Байдалов с минуту сидел неподвижно, словно оглушенный, вертя в руках карандаши. На лице его было написано такое огорчение, будто он только что получил известие о смерти близких. Но вот капитан бросил коробку на стол, откинулся на стуле. Взгляд его коричневых глаз стал суровым и жестким.

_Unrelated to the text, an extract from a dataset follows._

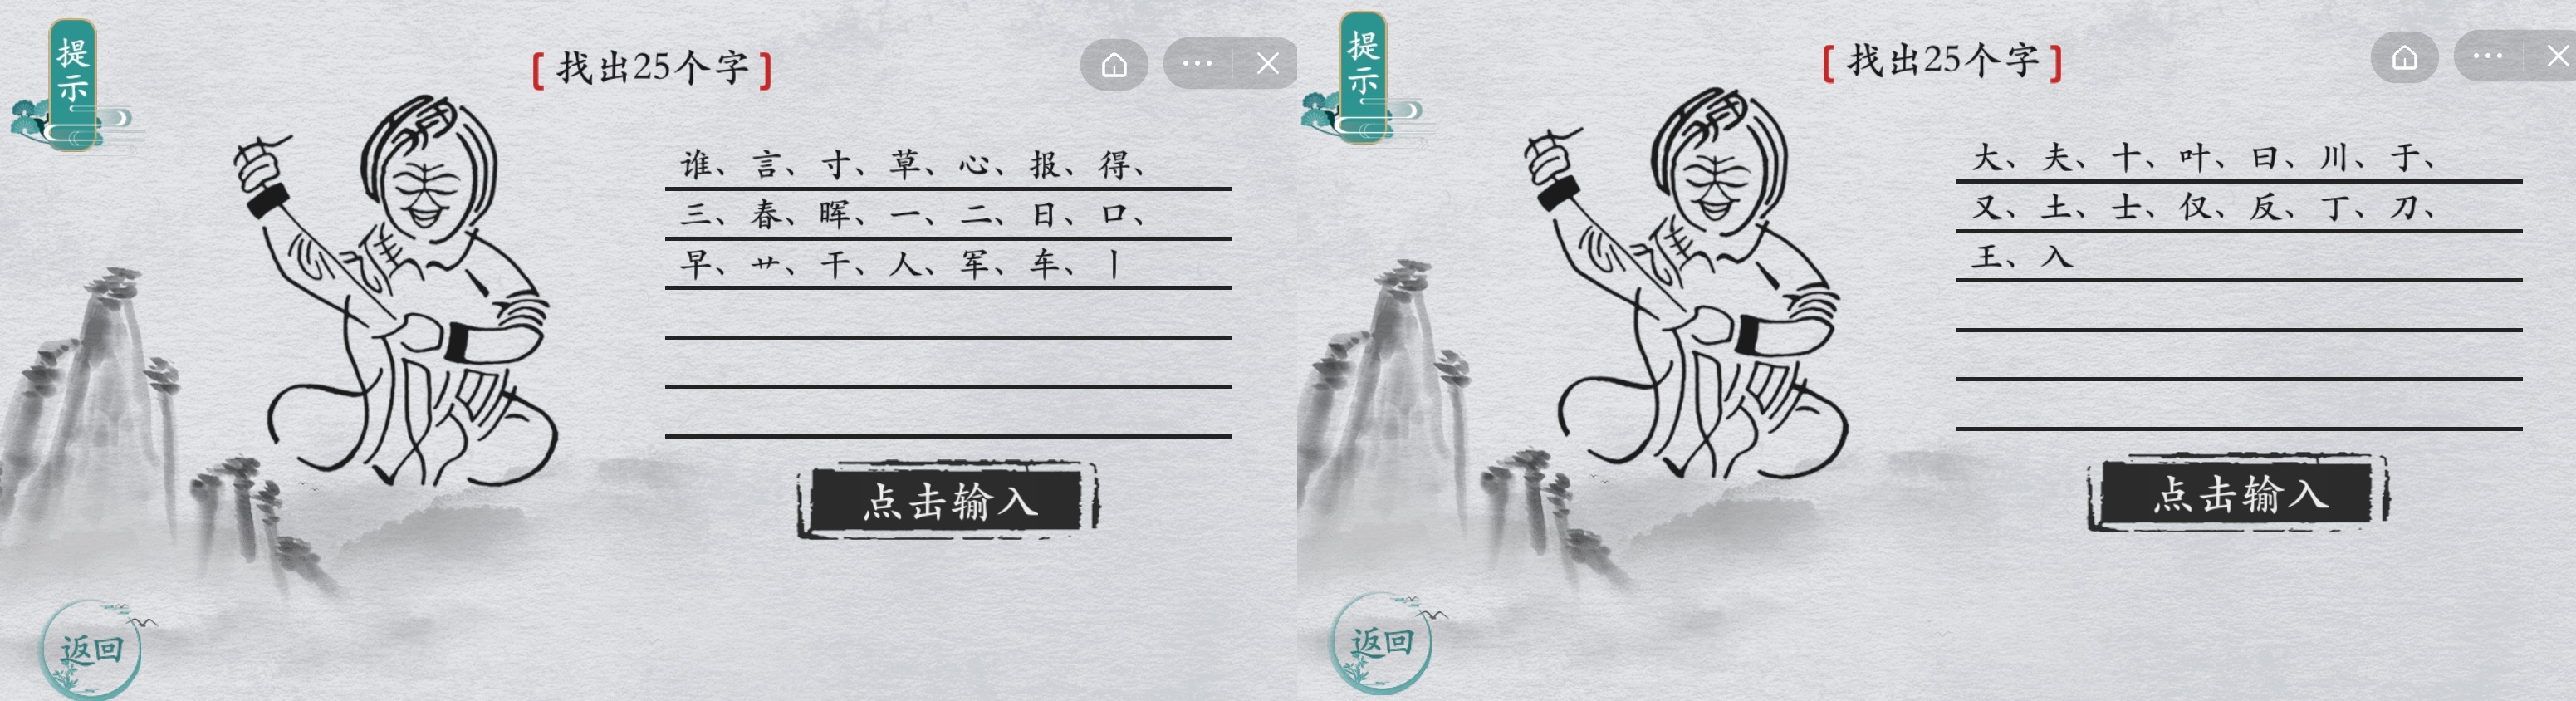 离谱的汉字画中字老奶奶攻略 离谱找字第11关攻略
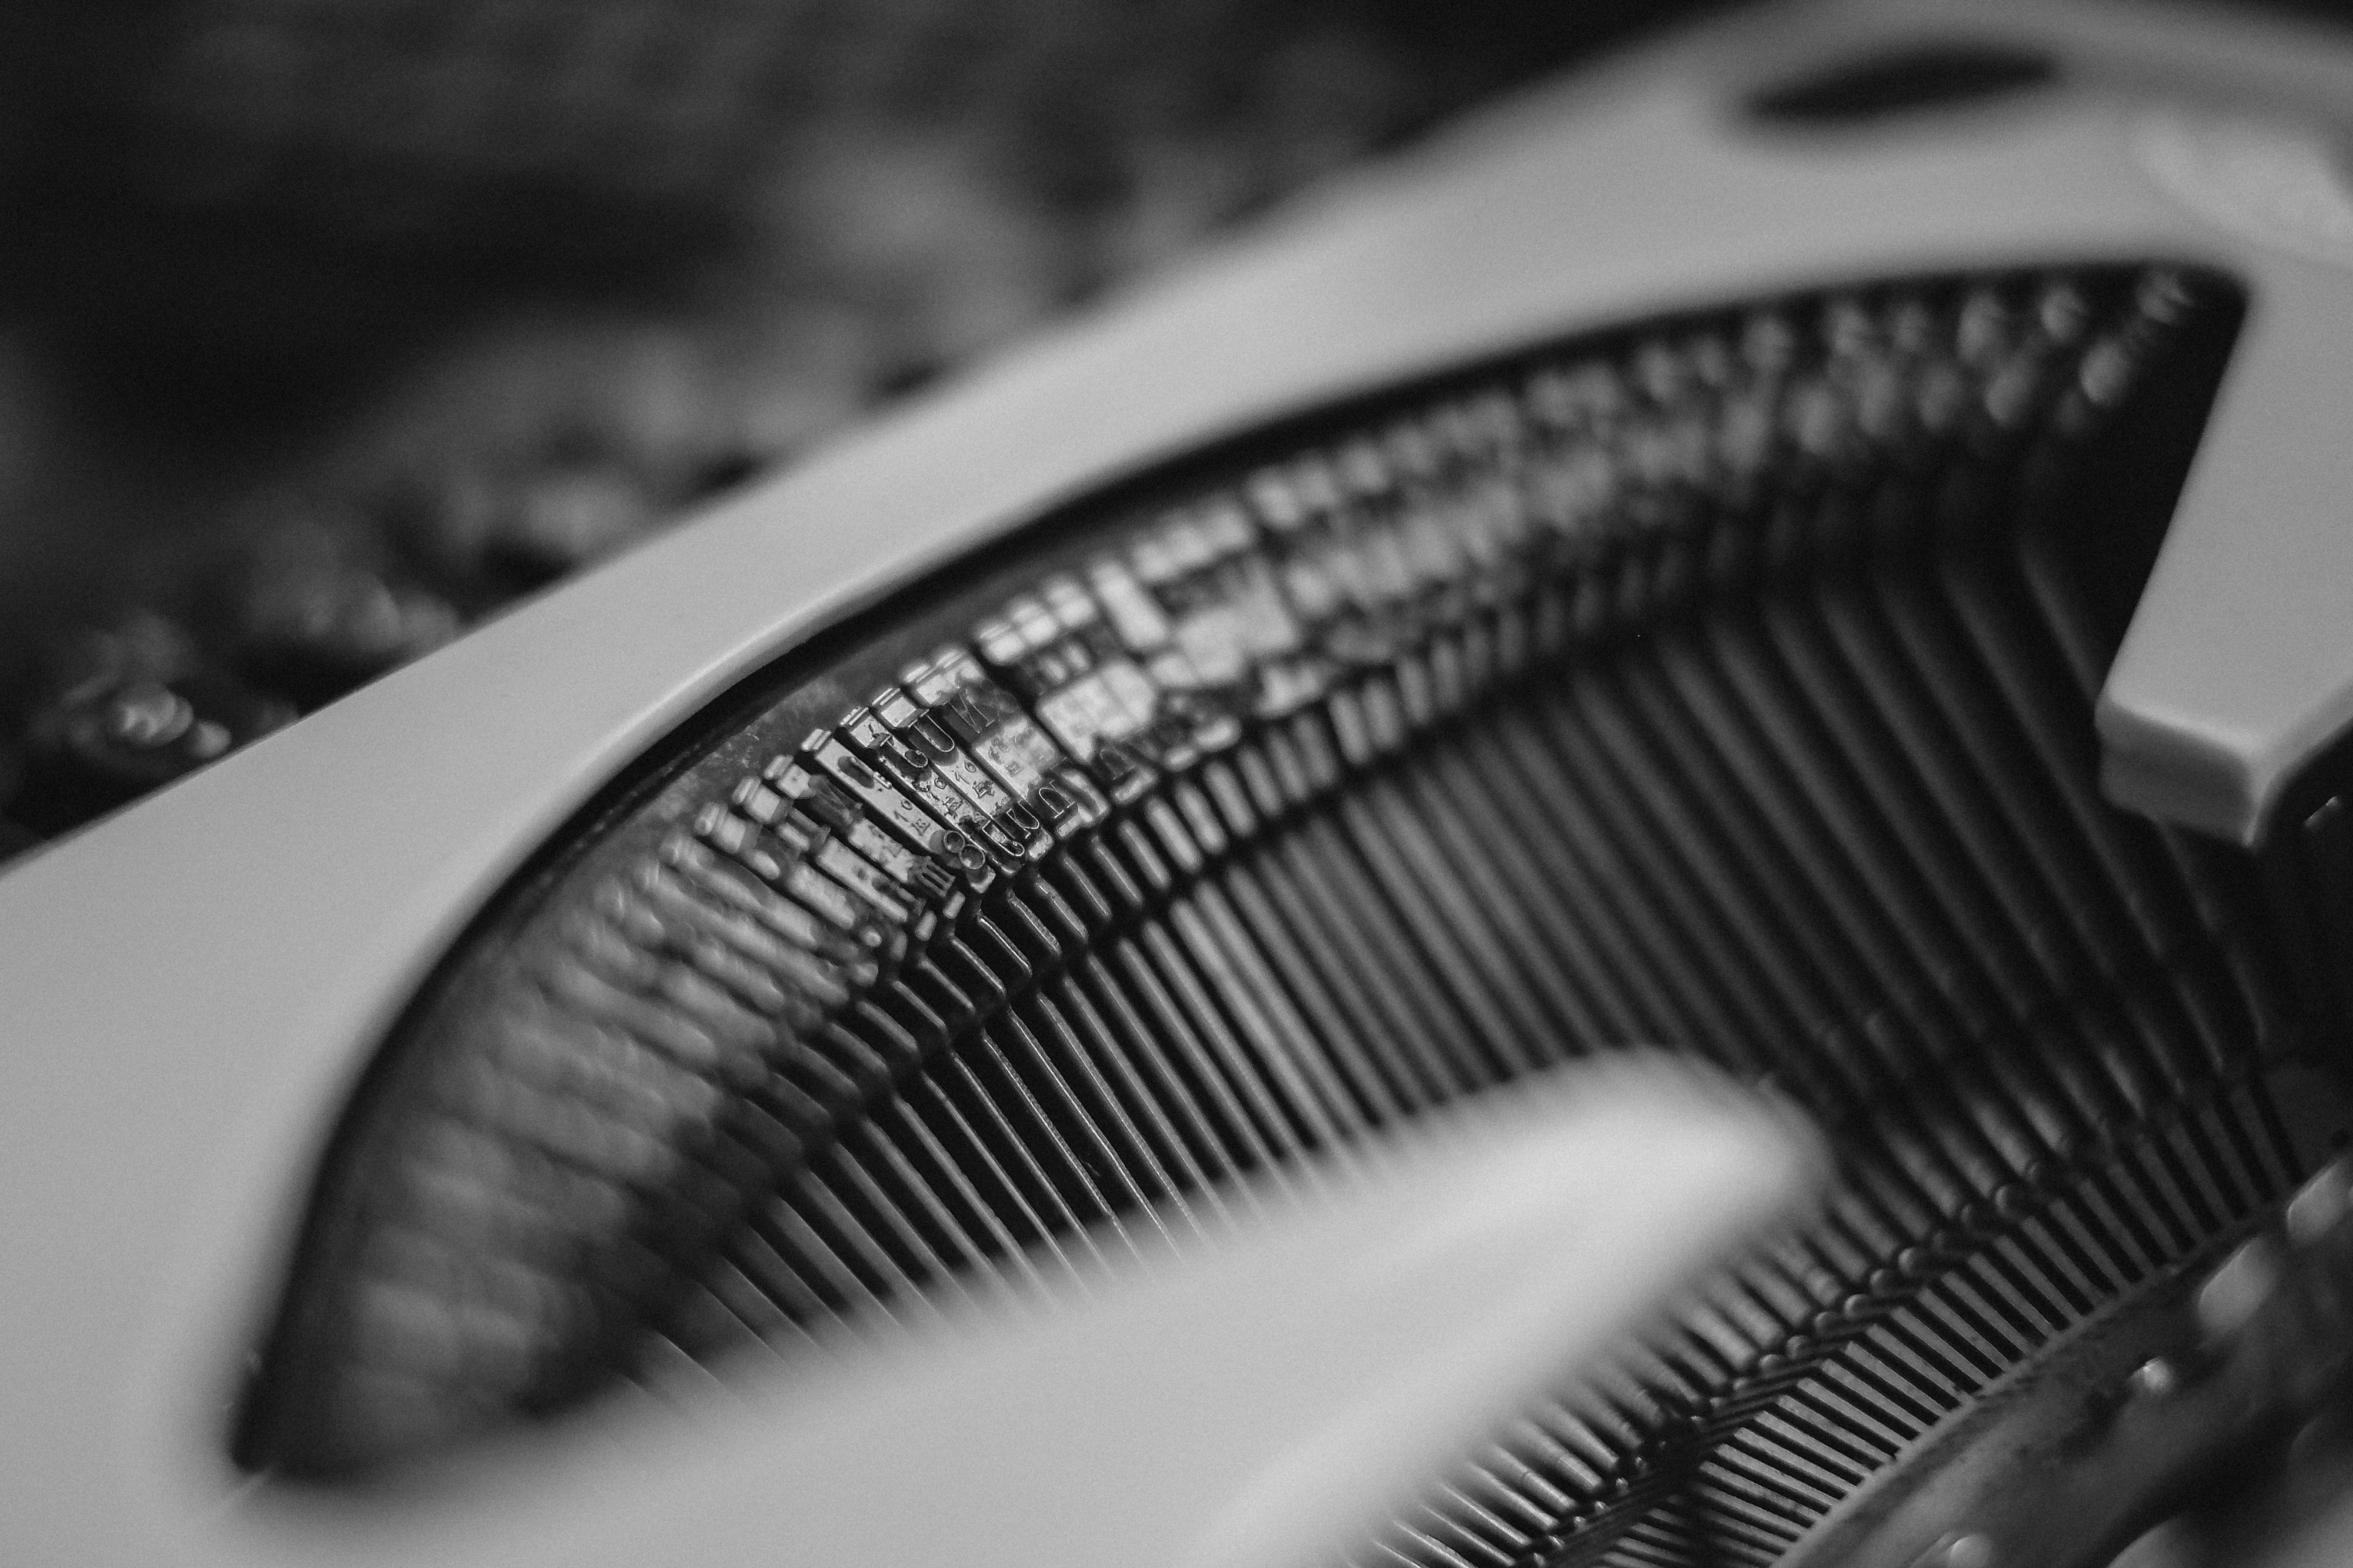 Closeup of a typewriter.

— Завалил! — мрачно выговорил он и, хлопнув себя по колену, вскочил со стула.— Какой вещдок завалил!..

Тимонин удивленно посмотрел на капитана и заморгал ресницами. Комкая в руках кепку, он исподлобья следил за бегающим по кабинету Байдаловым.

— Ну, как же ты? Эх! — Капитан остановился и, не ожидая ответа, махнул рукой. Он вспомнил, что Тимонин всего несколько недель, на оперативной работе. Конечно, мог ошибиться, ведь заранее ему не подсказали. А полковник предупреждал... Байдалов уперся руками в стол, невидящим взором уставился в зеленое сукно. «Ох, ждет тебя участь Синицына,— горько подумал он о себе.— Кажется, я действительно отрываюсь от коллектива».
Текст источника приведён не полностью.